Some writers have a reputation that doesn’t quite fit their style. One aspect of the work gets exaggerated, especially in the eyes of those ill-acquainted with their writing. In my mind, one of those is Joe Abercrombie.
Don’t get me wrong, Abercrombie is no victim of misrepresentation here. Having embraced the title of Lord Grimdark, and the twitter handle to match it, he’s become the figurehead for a particularly dark style of fantasy. It’s a gritty, muscular, action-packed sort of darkness, rather than the angst of goths, vampire novels, and urban fantasy. But I imagine that the very label “grimdark” puts some people off.
Yet there’s a wonderful humour to Abercrombie’s work. Reading his short story collection Sharp Ends has reminded me of this. Little details, from thugs discussing architecture to one-liners in fights, round out the world and its characters. As a reader, I’m never left drowning beneath the sea of sorrow that “grim” and “dark” imply. This is all about the black humour.

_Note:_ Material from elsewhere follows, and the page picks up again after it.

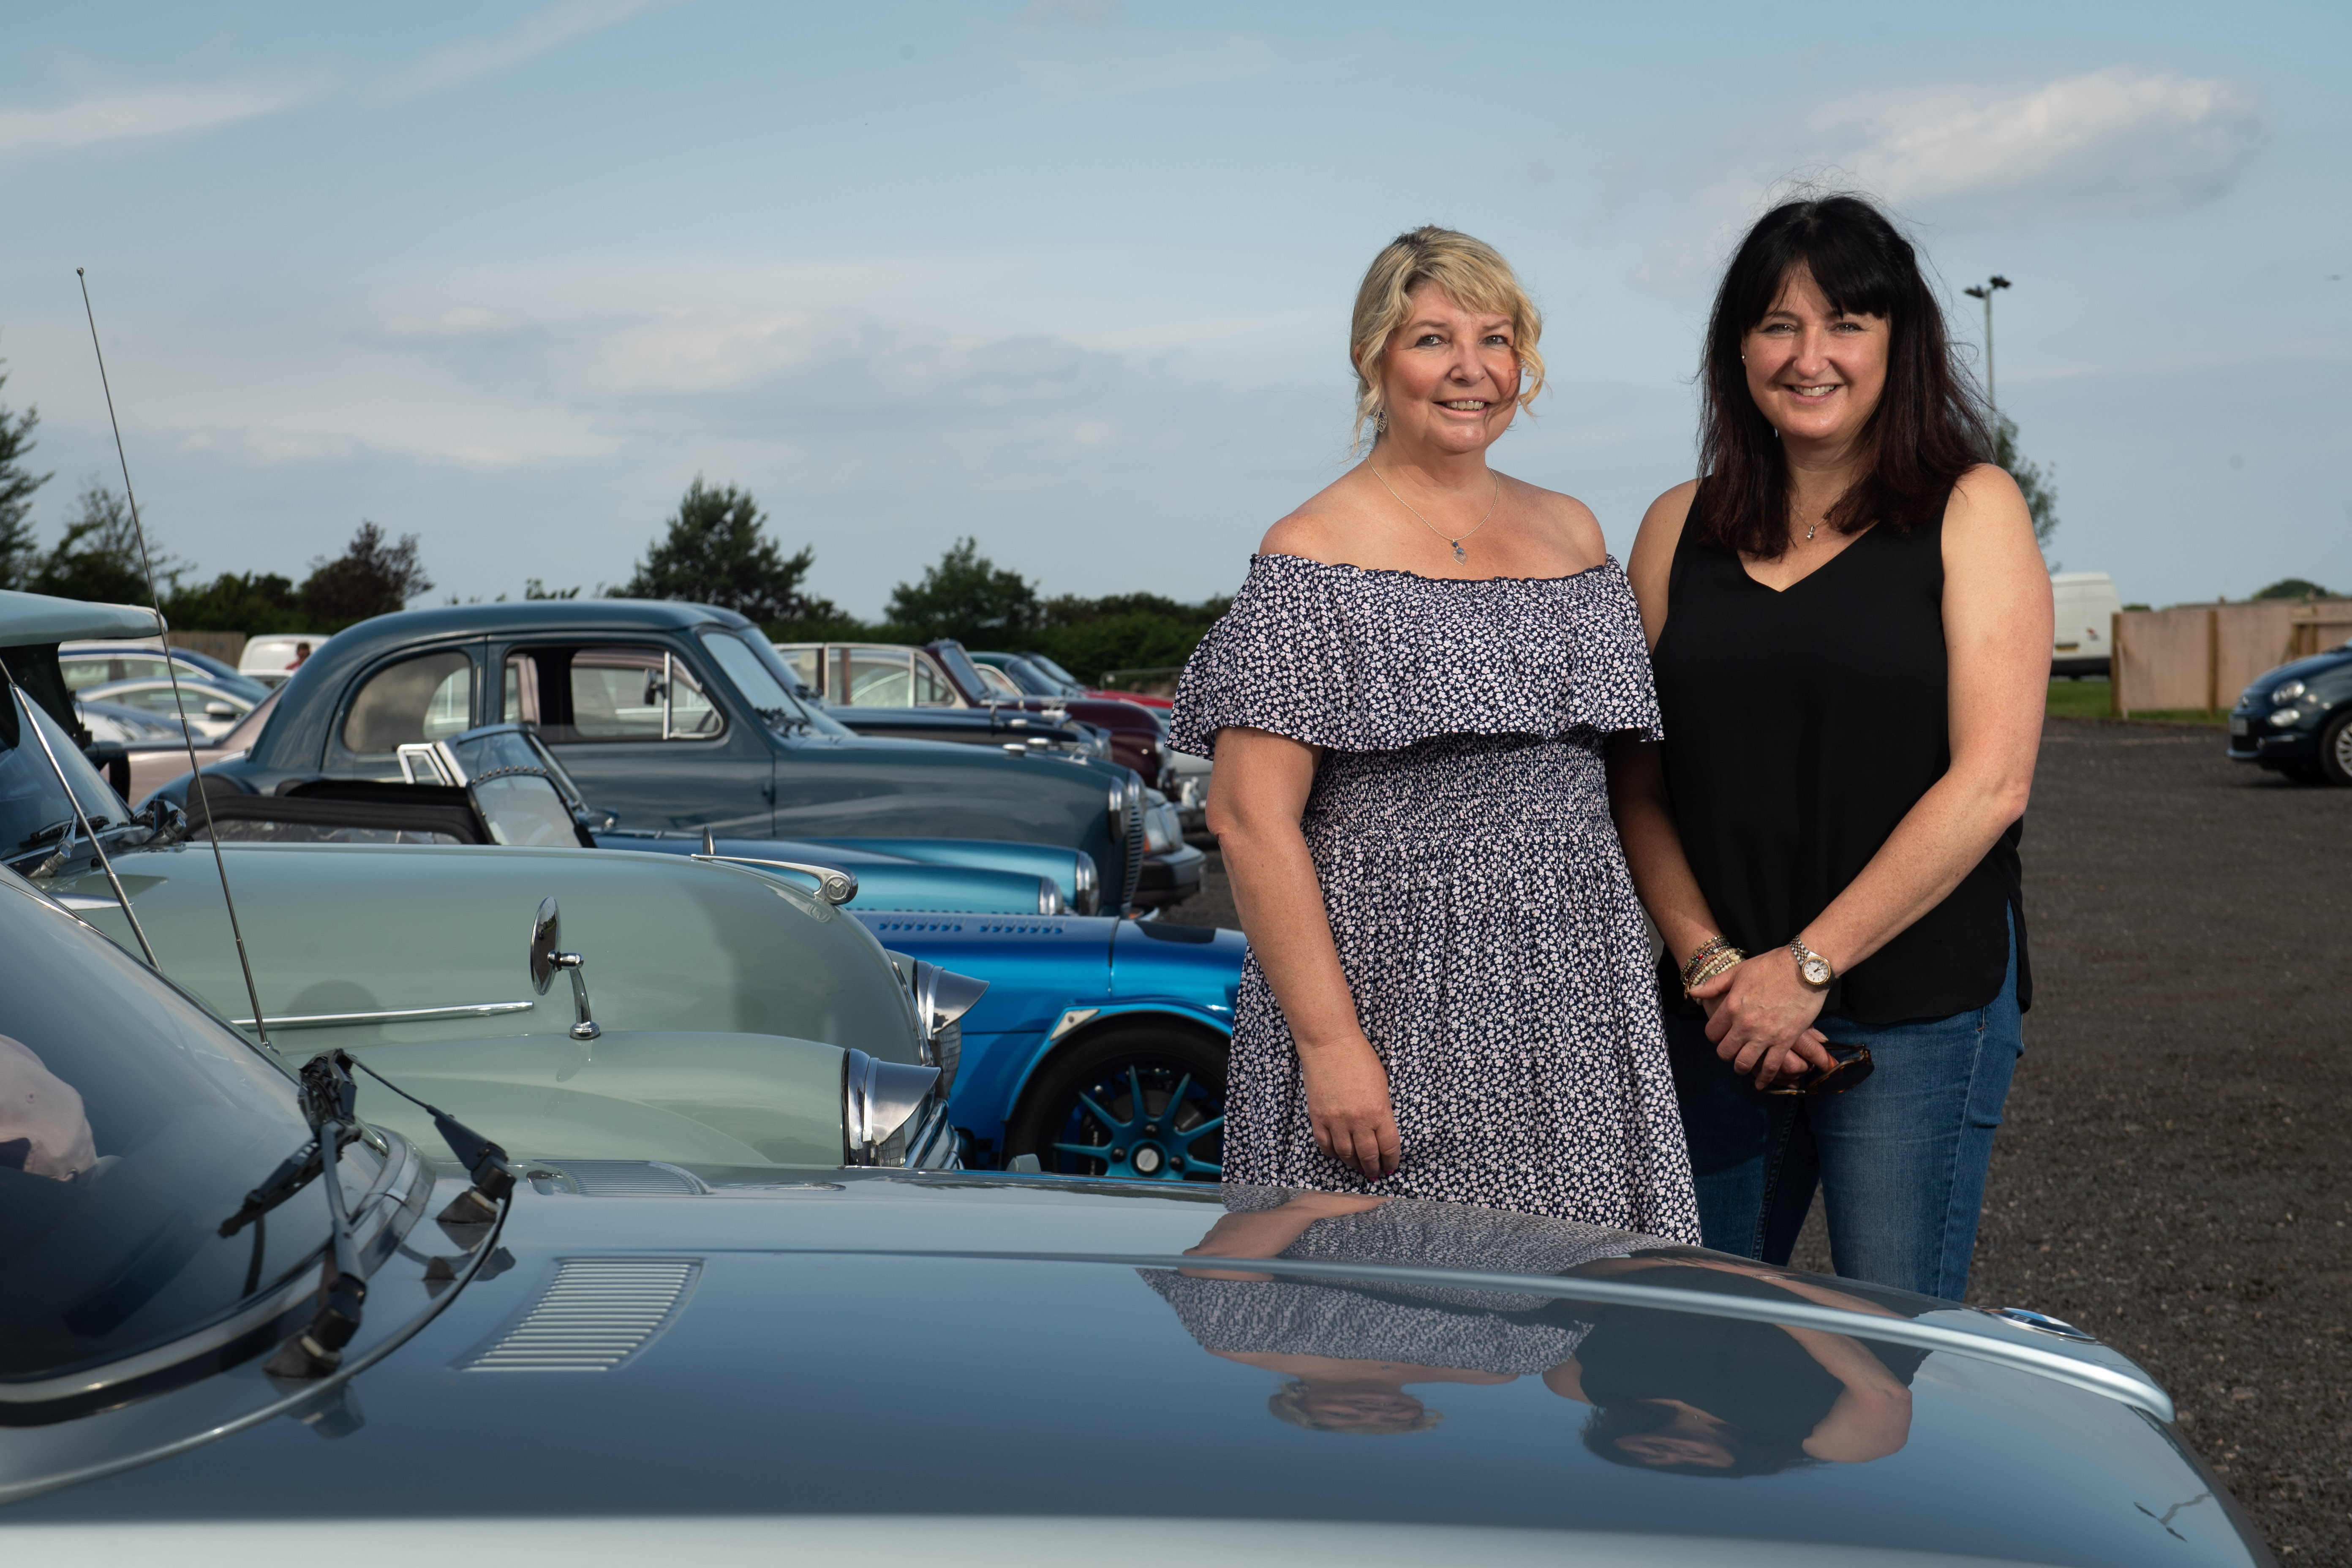 Event organisers Tracy Stellar and Julie Muir organise Clan Cancer Support's annual classic car cavalcade in Moray.

It shouldn’t be a surprise. The phrase “grimdark” originally applied to Games Workshop’s Warhammer 40,000 universe, whose catchphrase referred to the “grim darkness” of the future. Like Abercrombie, GW created a setting of darkness so exaggerated it can sometimes become cartoonish. Humour and hideousness are inseparably intertwined. Characters and places become over-the-top in an entertaining way. The pleasure of reading them comes from smiling at the absurd side even as you prepare for a serious moment to follow.
Like the spaghetti westerns he paid tribute to in Red Country, Abercrombie creates stories that are somehow both grounded and mythologising, humourous and serious. Their very existence undermines the false divides we try to set between these things, splitting our world into black and white. It’s damn fine stuff, to which I find myself returning over and again.
But then, what should we expect from such a self-mocking title as Lord Grimdark?